Una risposta viene da BBC News, dove spiccano gli approfondimenti di Ros Atkins. Giornalista che analizza e spiega fatti e temi del momento in una rubrica detta “Explainer”: video della durata da 2 a 10 minuti, realizzati con linguaggio comprensibile anche quando si affrontano argomenti particolarmente complessi.

Il format è stato ideato dallo stesso giornalista britannico, che si è guadagnato la carica di “Explainer-in-Chief” da parte del Times. La sua tecnica è oggi illustrata in un libro che riteniamo sia un must non solo per i giornalisti, ma anche per politici e in generale per tutti coloro il cui obiettivo sia dire le cose chiaramente e farsi capire

Inutile invece per coloro che amano usare molte parole per dir nulla, come a volte ci capita di sentire anche da persone che occupano posizioni di prestigio. Il volume s’intitola “The Art of Explanation: How to Communicate with Clarity and Confidence” (disponibile su Amazon). Abbiamo intervistato Atkins cercando di contestualizzare i suoi consigli alla realtà dell’informazione italiana.

L’arte di comunicare

MARCO HUGO BARSOTTI: Prima di lei, Cicerone si era occupato dell’arte di comunicare. I classici sono stati in qualche modo una fonte di ispirazione?  

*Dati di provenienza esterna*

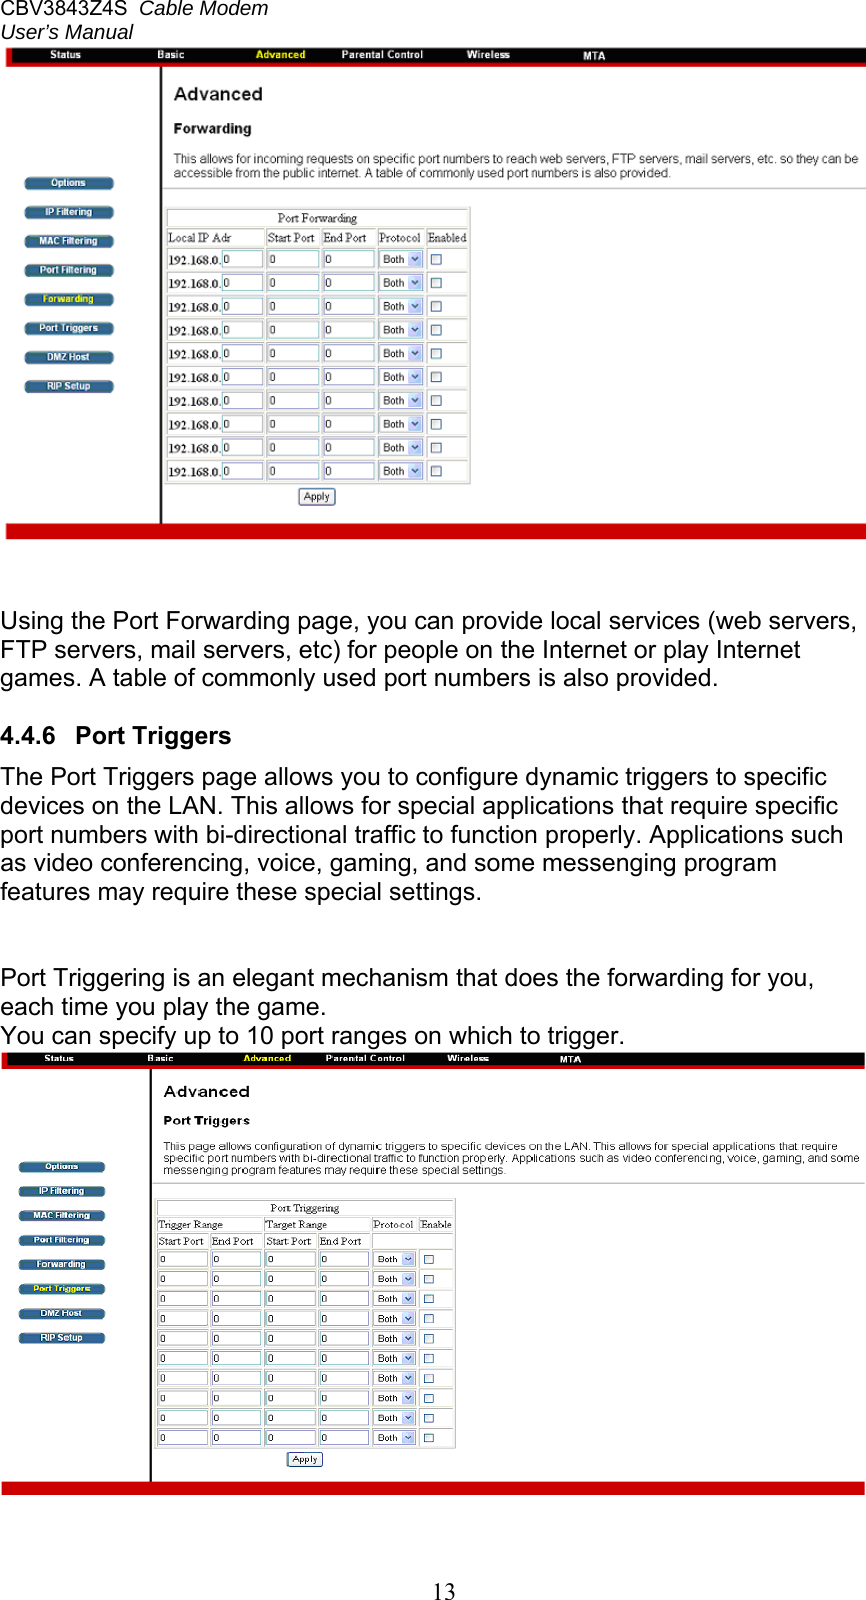 CBV3843Z4S  Cable Modem  User’s Manual   13   Using the Port Forwarding page, you can provide local services (web servers, FTP servers, mail servers, etc) for people on the Internet or play Internet games. A table of commonly used port numbers is also provided.  4.4.6  Port Triggers The Port Triggers page allows you to configure dynamic triggers to specific devices on the LAN. This allows for special applications that require specific port numbers with bi-directional traffic to function properly. Applications such as video conferencing, voice, gaming, and some messenging program features may require these special settings.    Port Triggering is an elegant mechanism that does the forwarding for you, each time you play the game. You can specify up to 10 port ranges on which to trigger.  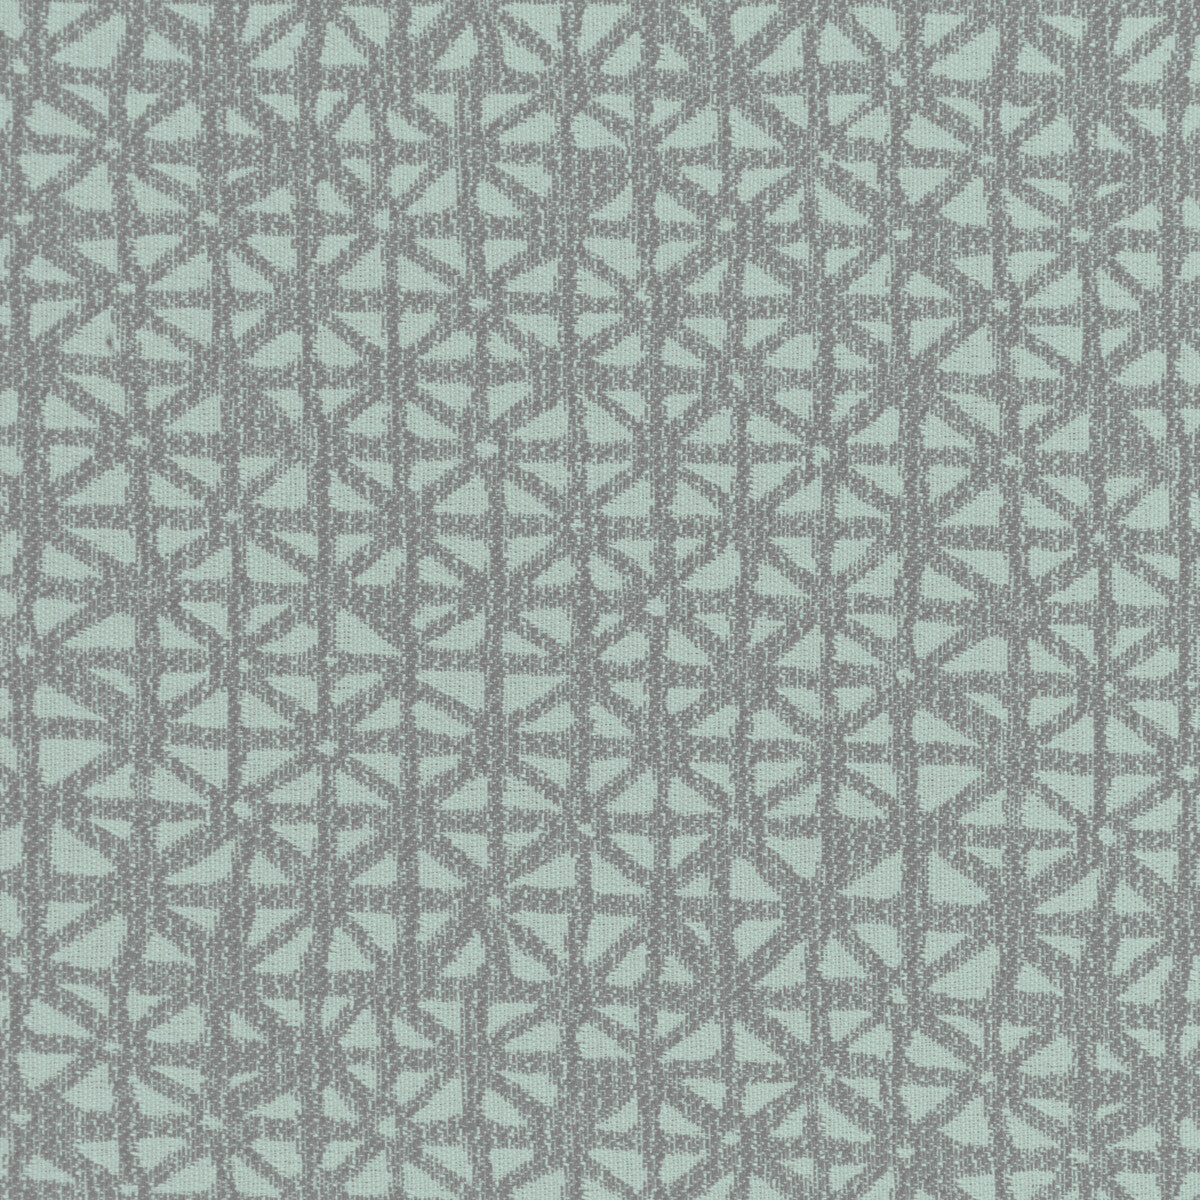 Kinzie fabric in sea glass color - pattern 36268.1511.0 - by Kravet Contract in the Gis Crypton collection

ROS ATKINS: Non esattamente, anche se forse avrei dovuto consultarli: senz’altro avrei imparato molto. La mia ispirazione è venuta da chi ho osservato essere in grado di comunicare in modo efficace. Alcuni erano giornalisti, ma molto spesso altre figure, anche considerato che la comunicazione prende numerose forme differenti

MHB: Forse nel solco della “retorica”, molti comunicatori italiani – tra cui i politici – tendono a usare molte parole per dire poco. L’opposto di quanto da lei raccomandato. Pensa sia una caratteristica comune, o una specialità delle culture latine?

RA: Direi che in linea di principio il giornalismo e la comunicazione in genere assumono molte forme diverse. Tenderei comunque a non giudicare i singoli stili: se chi comunica fornisce a chi ascolta informazioni utilizzabili in quanto espresse in forma semplice da comprendere, allora direi che siamo di fronte a un buon comunicatore. Qualcuno in grado di ottimizzare i minuti di attenzione di chi lo ascolta. 

Fact checking: il lavoro di sempre

MHB: La BBC dispone di un’impressionante struttura di giornalisti sul territorio e in redazione, alcuni dedicati al fact checking. Un lusso che non si possono permettere testate minori, dove però il giornalista deve comunque essere in grado di differenziare tra notizie, rumore di fondo e fake news…  

RA: Vero, per certi aspetti la situazione in cui si trovano i giornalisti oggi è nuova: la tecnologia, la diversificazione delle fonti, la quantità di informazione e disinformazione. Direi che l’ecosistema dell’informazione è cambiato e con esso la nostra professione.

Ma per altri aspetti nulla è cambiato: dobbiamo sempre assemblare informazioni, verificare e pesare l’affidabilità delle fonti, effettuare fact checking: il lavoro di sempre. E dunque valgono le consuete regole. 

Cioè, da dove proviene questa informazione? Cosa sappiamo della fonte? Quali sono le prove, i fatti a dimostrazione di quanto stiamo per dire? Ci sono altri che fanno le medesime affermazioni? Qual è il track record della fonte stessa? Chi altro utilizza la stessa fonte? Sono le classiche domande da porsi, sempre attuali.

Crisi dei giornali

MHB: La carta stampata in Italia soffre di una grave crisi, alcuni pensano anche legata alla perdita di autorevolezza, riflessa anche dal Press Freedom Index. Quale è la situazione nel Regno Unito?  

RA: I quotidiani inglesi sono da tempo consci della necessità di disporre di un’offerta digitale importante. Ci hanno lavorato per molti anni. In ogni caso, con l’eccezione del The Independent, dispongono ancora tutti di un’edizione stampata: ma non so quali calcoli stiano facendo per i prossimi anni. 

Per il momento, la questione resta come bilanciare le risorse tra carta stampata e i media digitali: in merito, direi che ogni editoria ha scelto un proprio approccio personale.